No, it is not specified.  The K&R example is merely pointing out that the
assignment is parsed as:

    nl = (nw = (nc = 0));

To evaluate the outer assignment, both the destination and the right hand
side must be evaluated.  The order doesn't matter in this case.  The
right hand side (nw = (nc = 0)) is evaluated and its value is 0, which
is the value used in the outer assignment.
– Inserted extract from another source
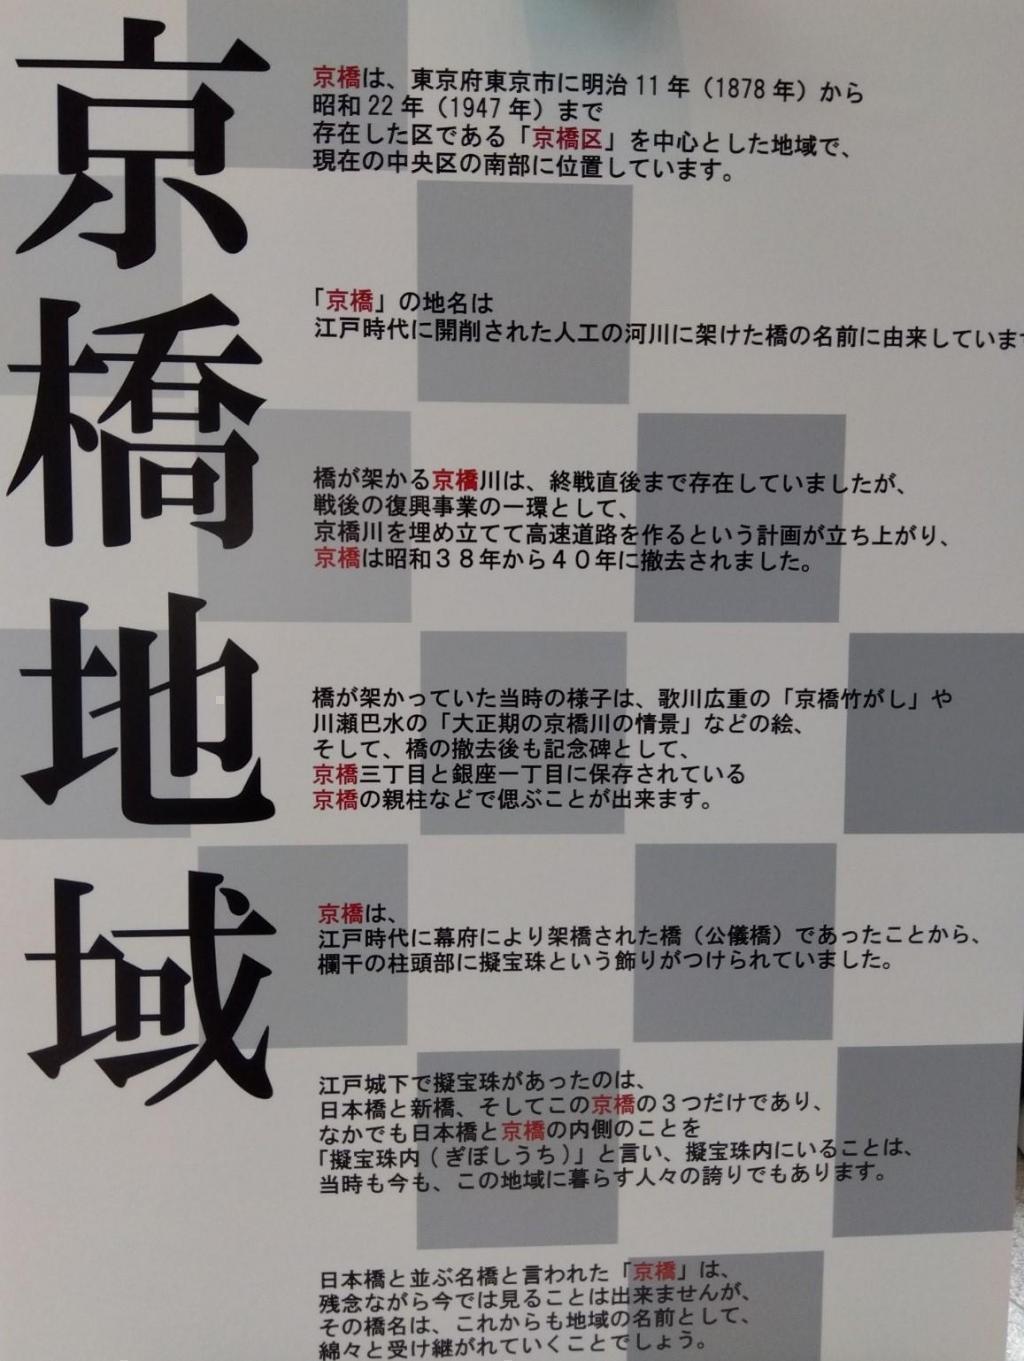 京橋地域の歴史を学びましょう 企画展示　京橋　ひと・こと・とき(刻)つなぎ　2023・初夏

In the ^= case, the assignment is parsed as:

    x ^= (y ^= (x ^= y));

To evaluate the outer assignment, the destination must be evaluated (and
unlike the previous example, its value is also needed) and the right
hand side must be evaluated.  However, in this case the order DOES
matter.  If the right hand side is evaluated before x is evaluated,
then x will have the desired value (the value computed by x ^= y).
However, if x is evaluated before the right hand side, then the
x ^= y assignment in the right hand side will effectively have
been ignored.

When evaluating a ^= b, the compiler may generate any of the following:

    1.  evaluate a, evaluate b, xor, assign
    2.  evaluate b, evaluate a, xor, assign
    3.  some hybrid of 1 and 2

If it chooses the first sequence for the outer assignment in the original
^= example, the example will fail.

In fact, I'm not even certain that all side effects resulting from the
evaluation of a and b must be completed before the assignment takes
place.  (E.g., could x = 2 + (x = 5); perform the actual assignment
for (x = 5) after the outer assignment?  If it knows that the value
of (x = 5) is 5, could it delay the store to x?  I don't believe
assignment consitutes a sequence point in its own right.  One could
imagine "evaluate 5, evaluate 2, add, assign result, 7, to x, assign
previous result, 5, to x".)